If you're paying more than a 0.5¢/kWh premium for a green plan in 2026, you're either subsidizing a plan with weak REC backing or shopping the wrong list. The cheapest 100% green plans on the market are roughly equivalent to mid-tier conventional plans on rate.
The honest assessment of REC-backed plans
Buying a REC-backed plan does something. It doesn't do as much as installing rooftop solar or signing a direct PPA with a generator, but it's not nothing.
In aggregate, REC markets create demand for renewable generation. When millions of customers buy green plans, REC prices rise, which strengthens the economics of new wind and solar projects. The marginal impact of any single customer is small; the cumulative impact of the market is real.
What REC-backed plans don't do: change the electrons reaching your house, or directly fund a specific power plant in the way an investor in that plant would.
What they do do: support the infrastructure of a renewable-energy economy, on a 1-for-1 generation basis (one MWh used = one MWh of renewable generation paid for, somewhere).
Whether that's worth paying for is a values question. If it is, pick plans backed by Texas-sited bundled RECs. They're the strong form.
Which REPs actually disclose this stuff
A short list of REPs that publish detailed generation-mix disclosures:
- Rhythm Energy — publishes quarterly generation source breakdowns, names specific facilities
- Green Mountain Energy — long PPA portfolio with named wind farms; one of the longest-running 100% renewable retailers in the U.S.
- Gexa Energy — NextEra subsidiary; backed by parent's renewable generation portfolio
REPs that offer green plans without granular disclosure include several large brands. Their plans qualify as renewable under PUCT rules but don't tell you how. That's not necessarily wrong — but it limits how much weight to put on the green claim.
When not to pay a green premium
A handful of cases where the green plan is the wrong call:
The premium exceeds 1¢/kWh. In 2026, you shouldn't be paying that. The market has moved.
The REP doesn't disclose REC sourcing. You're paying extra for an unverifiable claim.
The plan is a bill-credit plan with a green wrapper. The green wrapping doesn't fix the bill-credit gotchas. If the underlying plan structure is wrong for your usage, "100% renewable" doesn't help.
You're already on a low-carbon path elsewhere. If you've got rooftop solar, an EV, and a heat pump, the marginal benefit of a green retail plan is small. Optimize for rate; the carbon math already works.
The honest close
"100% renewable" in Texas electricity is a real claim with a meaningful definition behind it — but the strength of the claim depends on what kind of RECs back the plan and where the generation happened.

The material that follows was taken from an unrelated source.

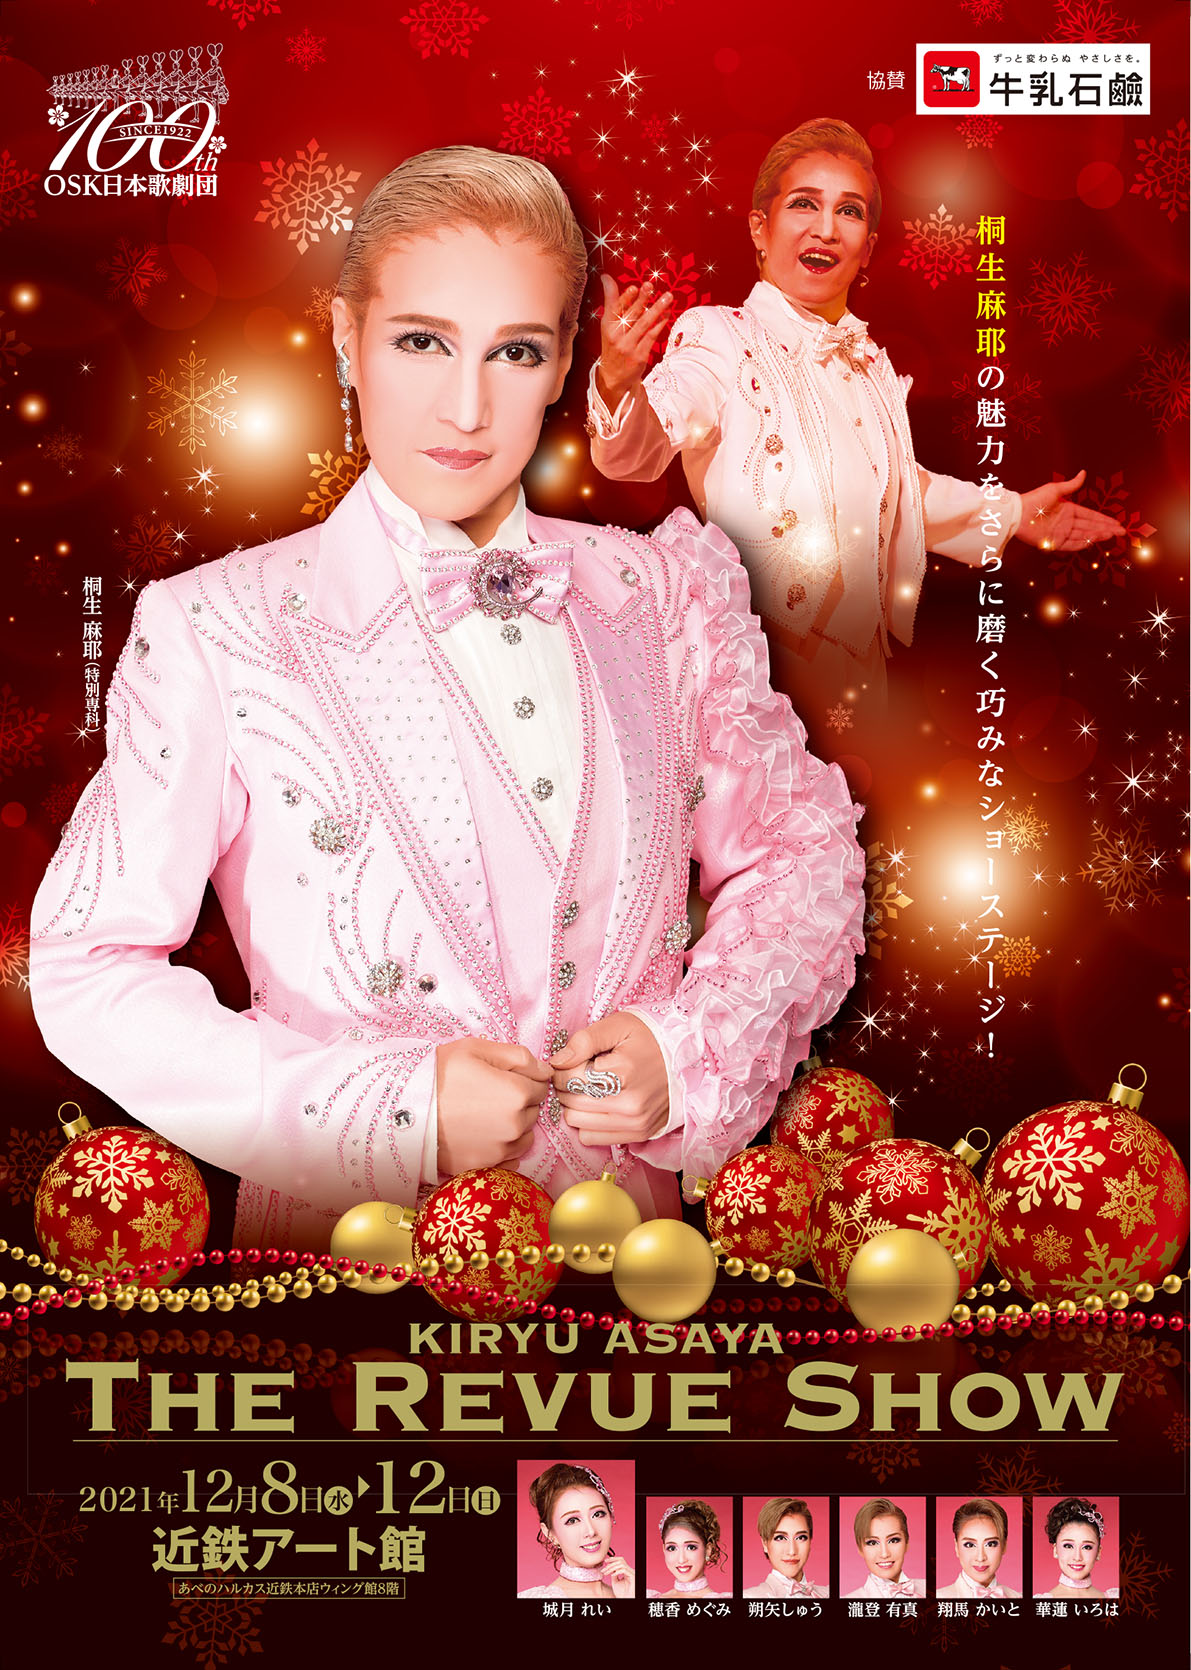 桐生麻耶主演「THE REVUE SHOW」 | OSK日本歌劇団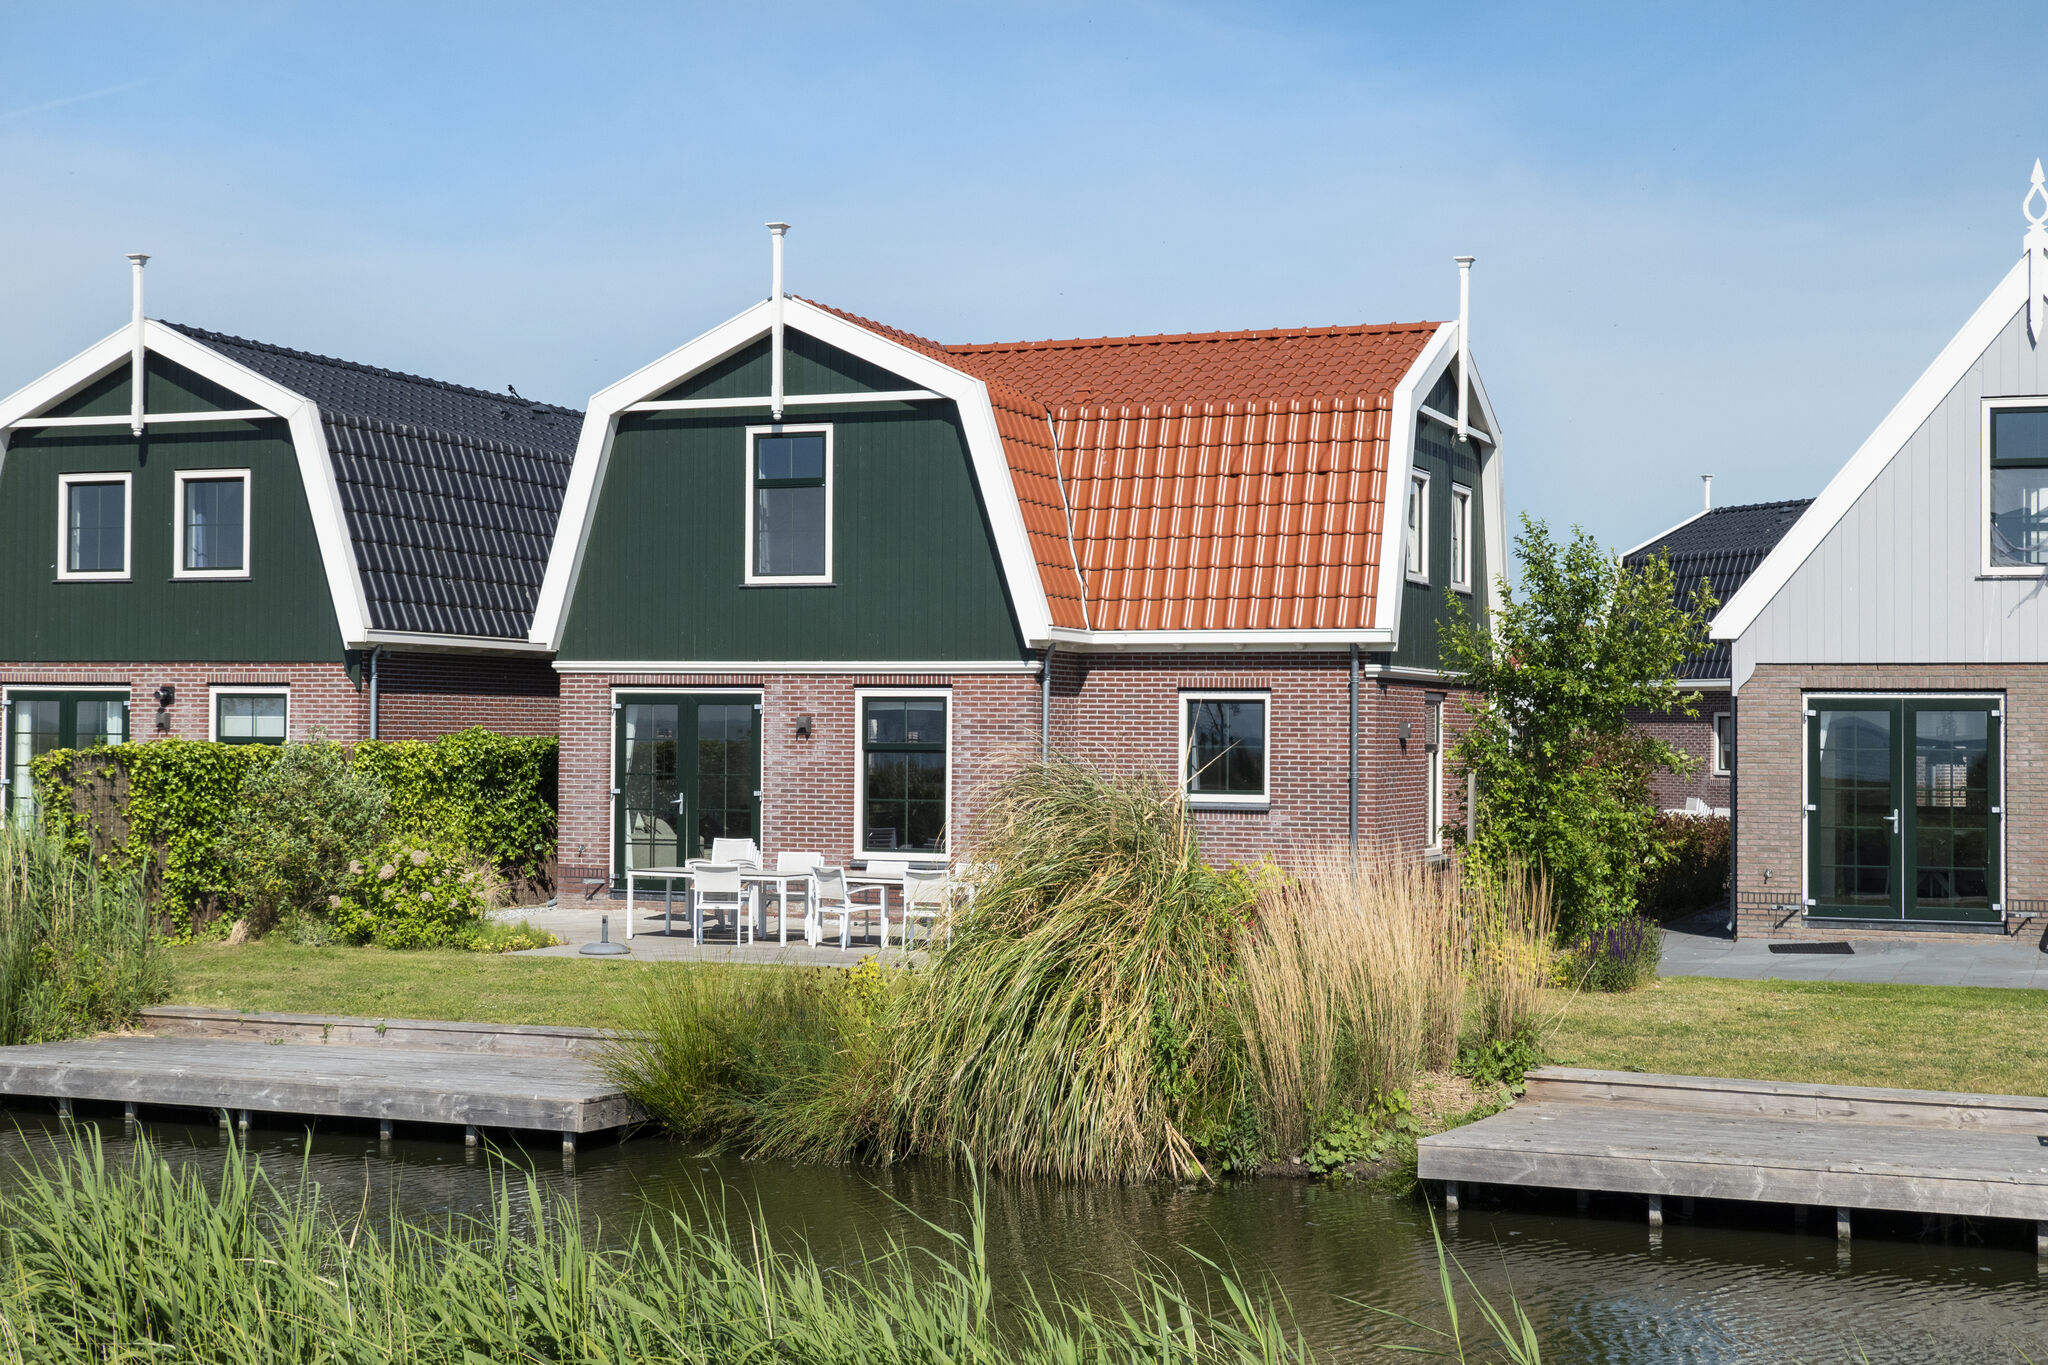 Ferienhaus mit Sauna in der Nähe von Amsterdam

Look for plans backed by Texas-sited bundled RECs from named generators. Skip plans that charge a premium without disclosing the math. Treat "carbon-neutral" claims with skepticism until you see the methodology.
The grid mixes electrons. The accounting matters. Pick the plans where the accounting is honest.
“Buying a REC is real climate action. Buying a "green" plan with no transparency about which RECs is just marketing.”